A policy defines a set of legal, regulatory, procedural, ethical, and contextual requirements and obligations for communication and cooperation, including privacy and trustworthiness. That way, controlling the intended behavior of business systems, a policy domain representing policy knowledge, concepts, and relations, is crucial for defining, designing, and running any type of ecosystem. Using the ISO 23903 model and framework, Figure 4 demonstrates the specialization of the policy domain into the sub-policy domains relevant for P5 medicine ecosystems.
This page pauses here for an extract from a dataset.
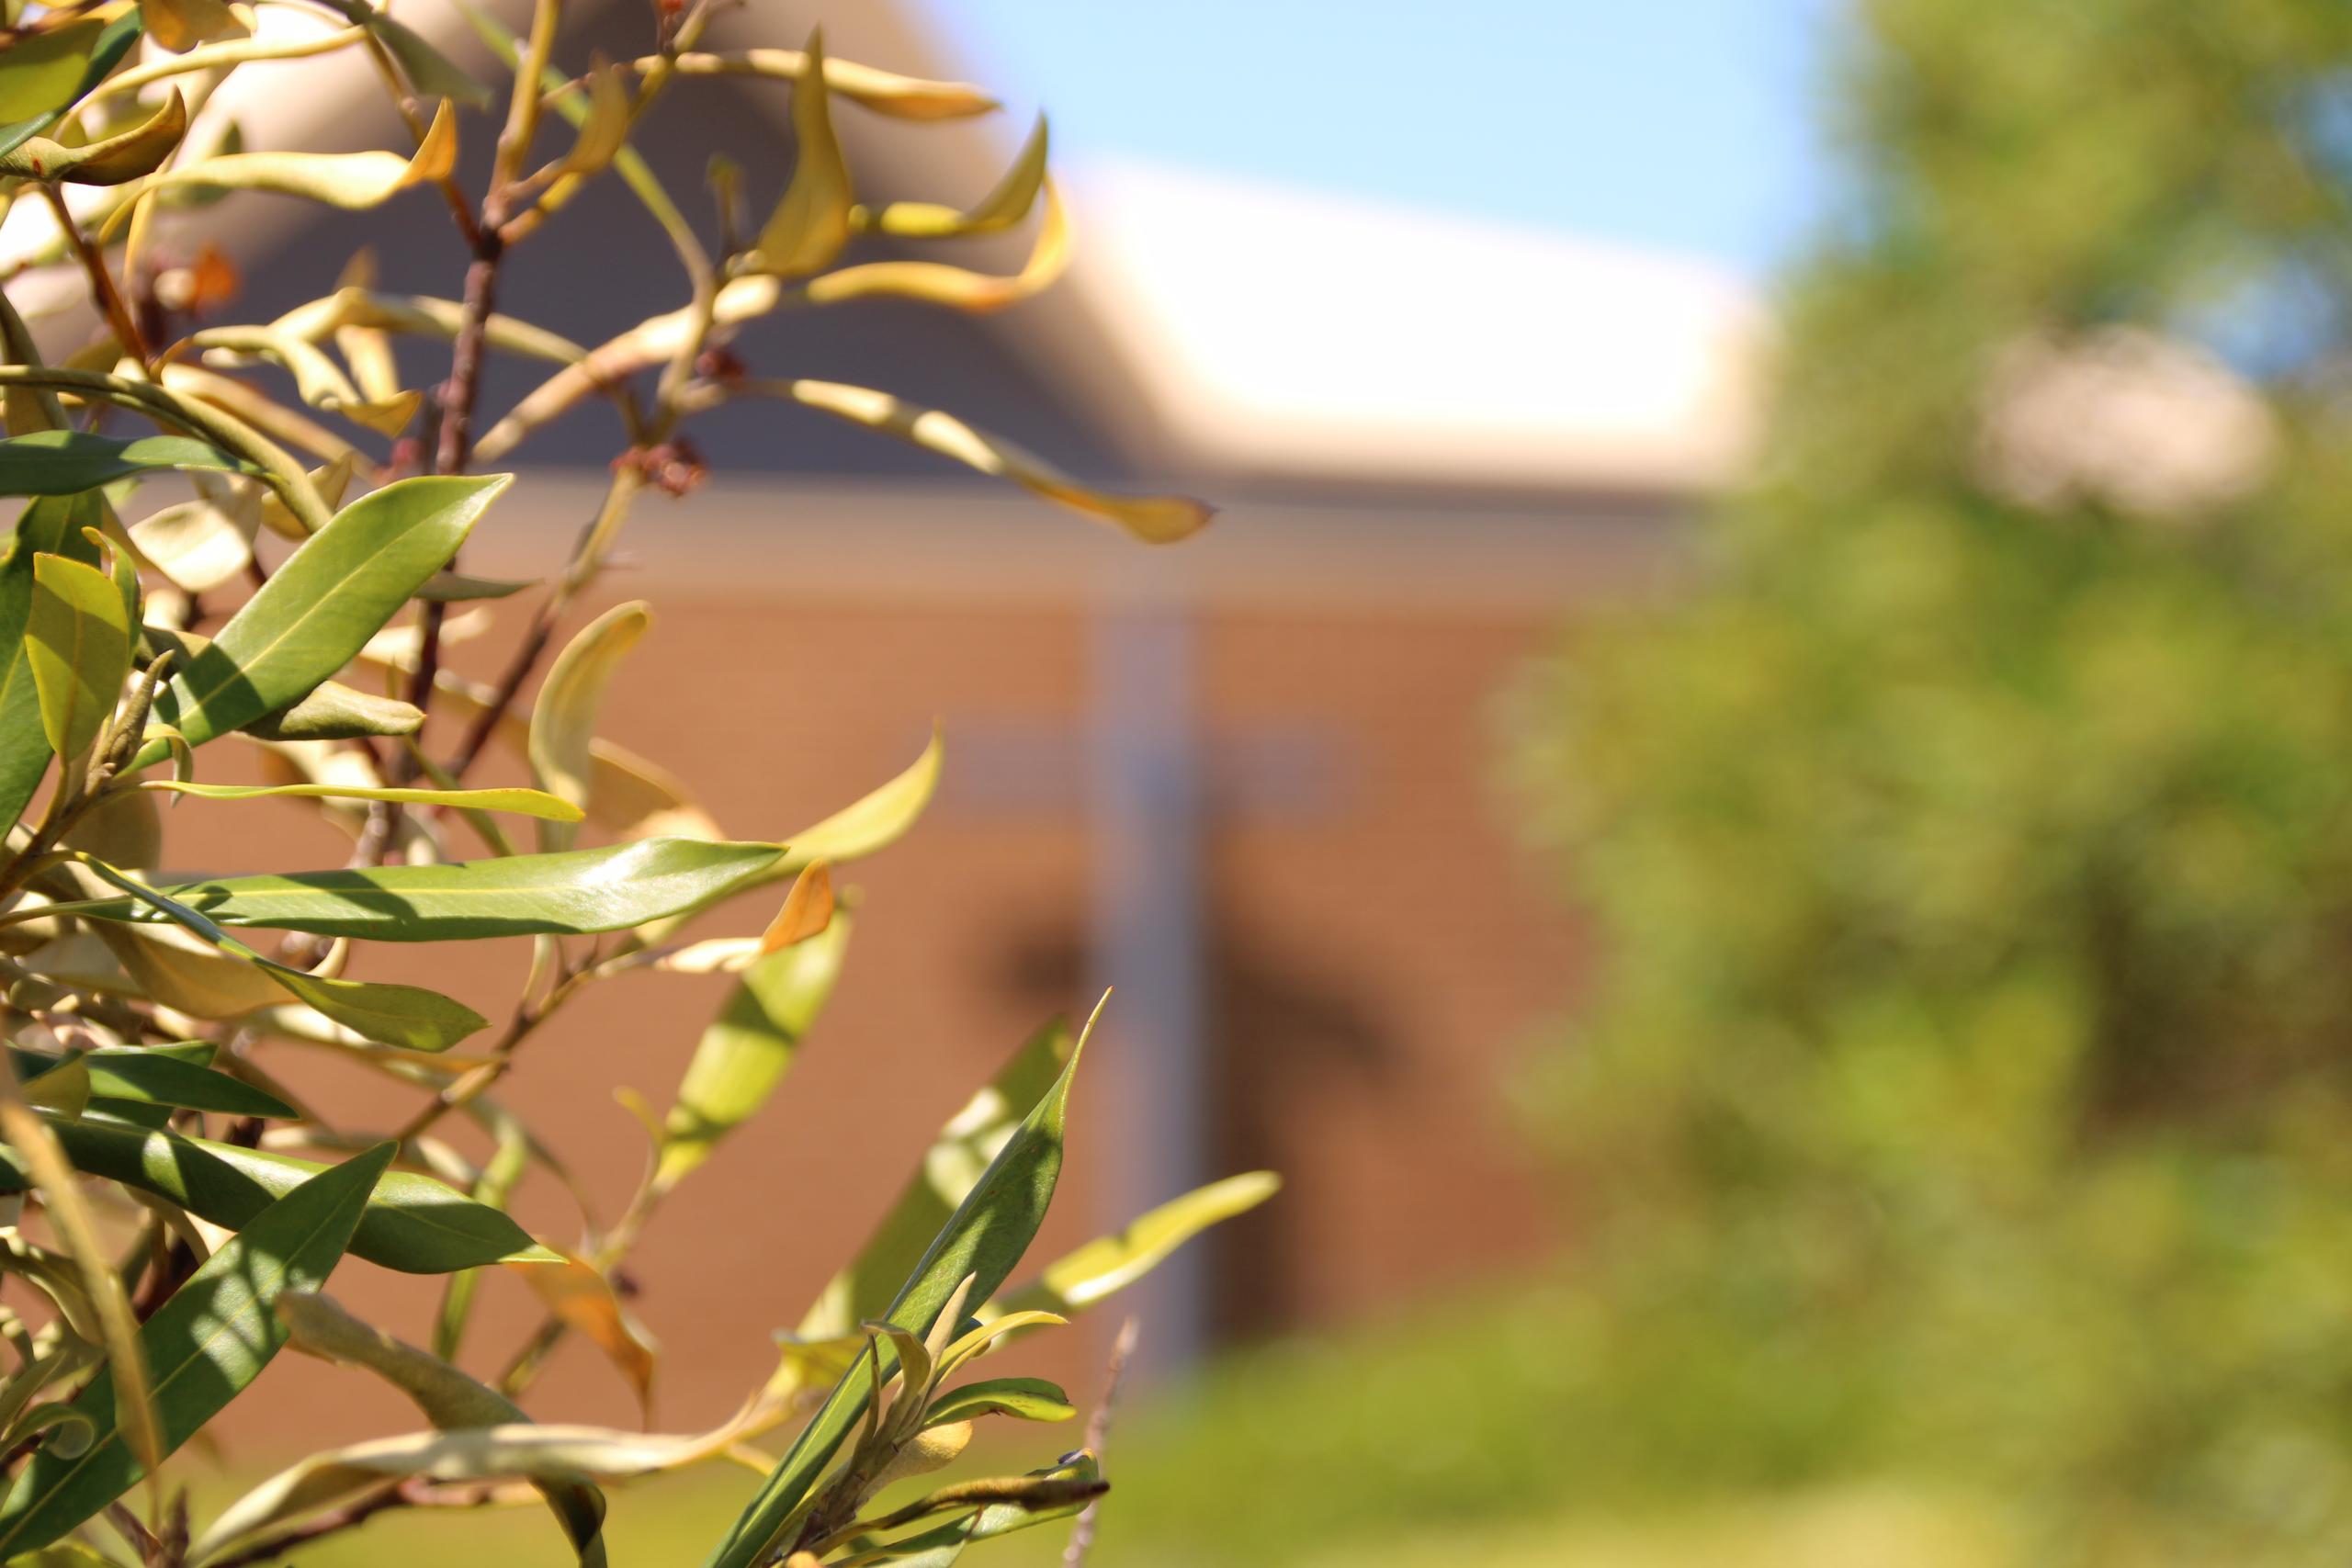 Green foliage in focus while front brick facade of the MVAC hall featuring a blue metal cross is blurred.

The user policy domain—sometimes also called personal policy domain or individual’s policy domains—represents the intentions, expectations, wishes, etc., of the individual engaged in the business case, such as a patient.
Figure 4. Specialization of the policy domain into sub-policy domains relevant for P5 medicine ecosystems (after [39], changed).
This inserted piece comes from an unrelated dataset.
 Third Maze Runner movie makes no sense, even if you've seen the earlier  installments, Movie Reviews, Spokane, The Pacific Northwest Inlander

Examples for a provider process policy domain instance are best practice clinical guidelines. All sub-policy domains must be represented using related ontologies.
Based on the Ponder Language specification [40], a policy ontology to formalize the rules and constraints controlling the behavior of a business system has been provided by ISO 22600 [41], instantiated for the security and privacy domain (Figure 5).
Figure 5. Policy domain components according to ISO 22600-2 [41].
The integration of that policy ontology in an ecosystem for managing security and privacy, using ISO 23903, has been performed in the HL7 Privacy and Security Logical Data Model, Release 1, June 2021 [42] (Figure 6). There are also more ontology-based approaches available [43,44].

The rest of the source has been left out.